Oh joy, oh Rapture! Election 2016 is almost over! And on a barely habitable planet out on the fringes of the Milky Way Galaxy, a not inconsiderable fraction of the American electorate now seeks a new life on planet Pmurt (pronounced Murt -- the “p” is silent). These folks are the "Secret Trumpsters" The Donald told us about, ones who were purported to be Democrats, Independents, Greenies, and even #NeverTrump Republicans. Or who couldn’t make up their minds. Or flat out said they would never vote for Hillary, whatever. But these suspiciously anonymous folks never got the chance to voice their support at the ballot box. Other than those Not-so Secret Trumpsters who hedged their bets, of course. The rest were, instead, early Monday night Raptured directly to Pmurt.
Just in the nick of time, once the Polldrums set in, advanced word from the highly accurate open-source and reproducible Dynamic Beyesian Forecasting showed an advance look at Hillary Clinton’s most probable Electoral College numbers. They were stunning. The poll showed her most probable count at 325 electoral votes, with the next closest just shy of 350. And 400+ was not out of the realm of possibility. This meant that everyone else, including much-admired Nate Silver, was merely blowing smoke up a massive number of wazoos right up to Election Day with a puzzling overuse of the phrase “tight race.”
So it was high time for the entire sentient universe outside our solar system that knew better to gear up for a humiliating loss for Donald Trump. The question for all concerned was: How would both secret and open-carry Trumpsters react at Trump’s crushing defeat? Not support the election results? Sporadic mayhem? Improper spelling and syntax on protest signs? There was so much uncertainty.
It was far too chancy to leave matters to what some have called “the deplorables.” So rather than allow millions of secret Trumpsters to go to the polls en mass and throw a monkey wrench into Election 2016, not to mention American constitutional democracy as we know it, the Powers-That-Be stepped in on Monday night and stealthily whisked them all away to Pmurt. And there they sit.

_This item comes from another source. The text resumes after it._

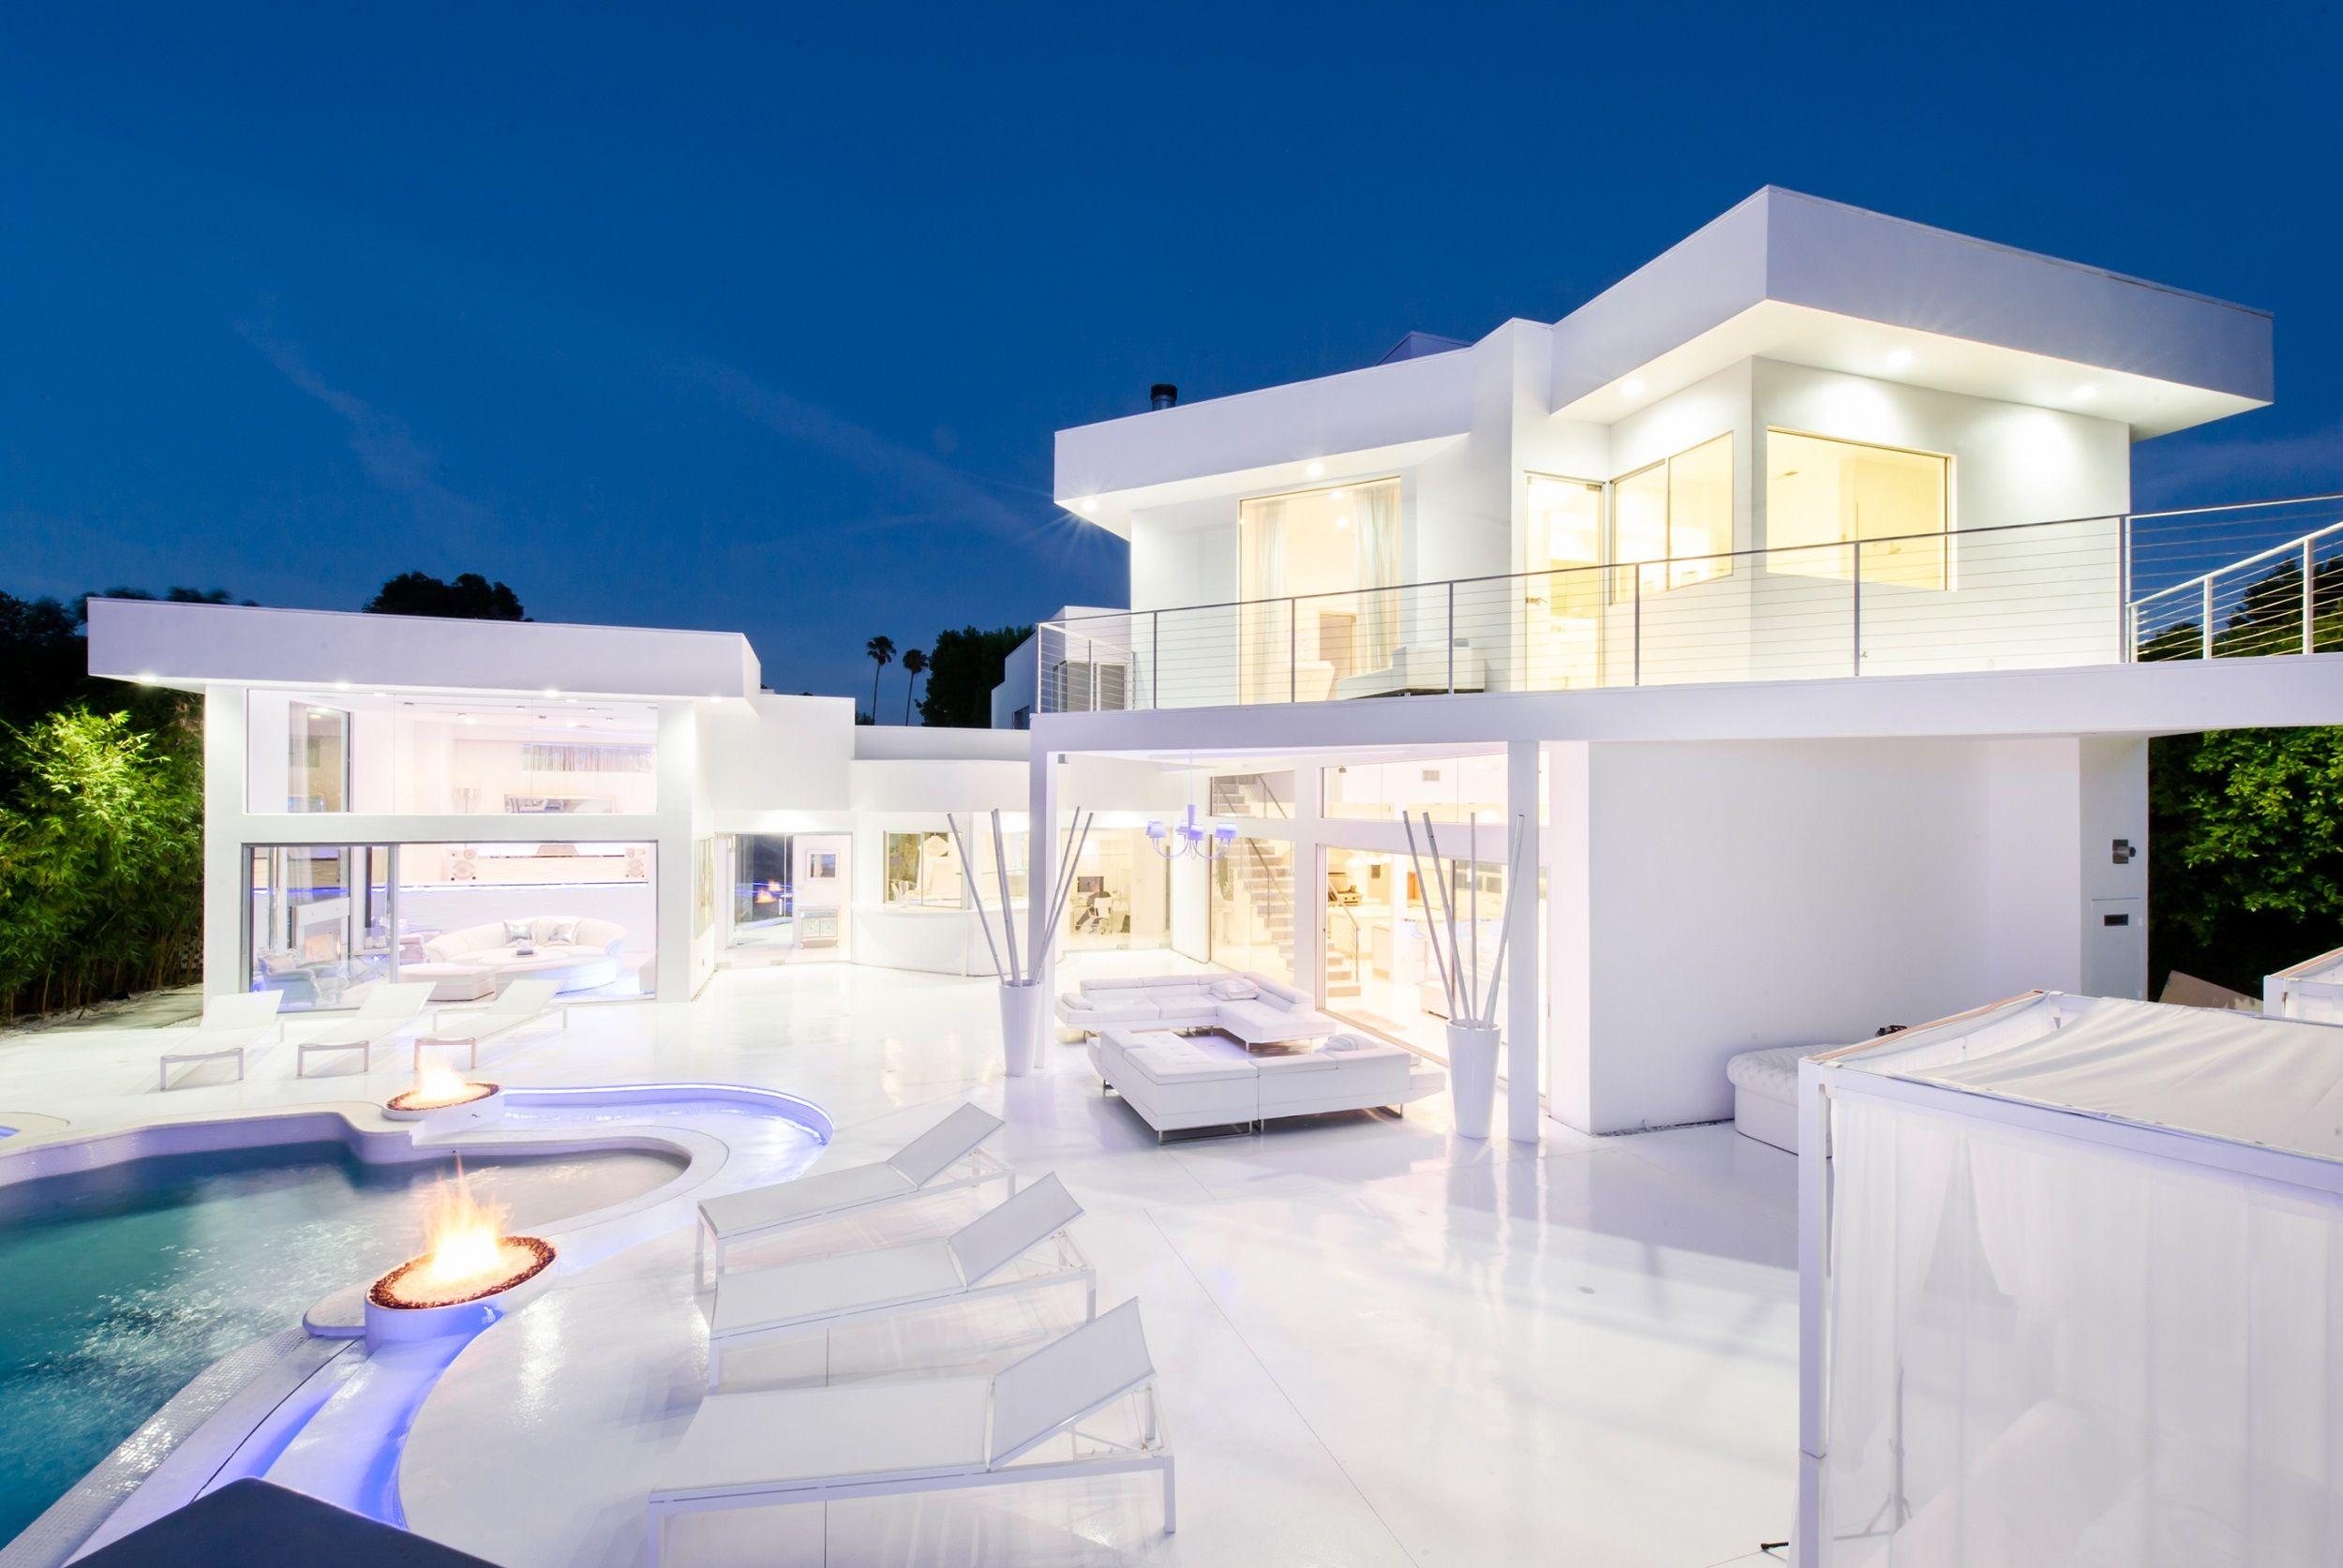 Simonds Home Designs Flinders St Ives Facade Visit Www

The interesting thing about this particular Rapture is that no one knows they’re even gone! Ipso facto presumpto, they won’t be missed. We never even got so much as Facebook links, so as far as the rest of us are concerned, it’s like Secret Trumpsters never existed in the first place. Or the polling and analysis sucked.
Our hope in this section of the galaxy is that it’s not a round-trip ticket where they’ve all been...gulp, pardoned ...and will show up again in 2018.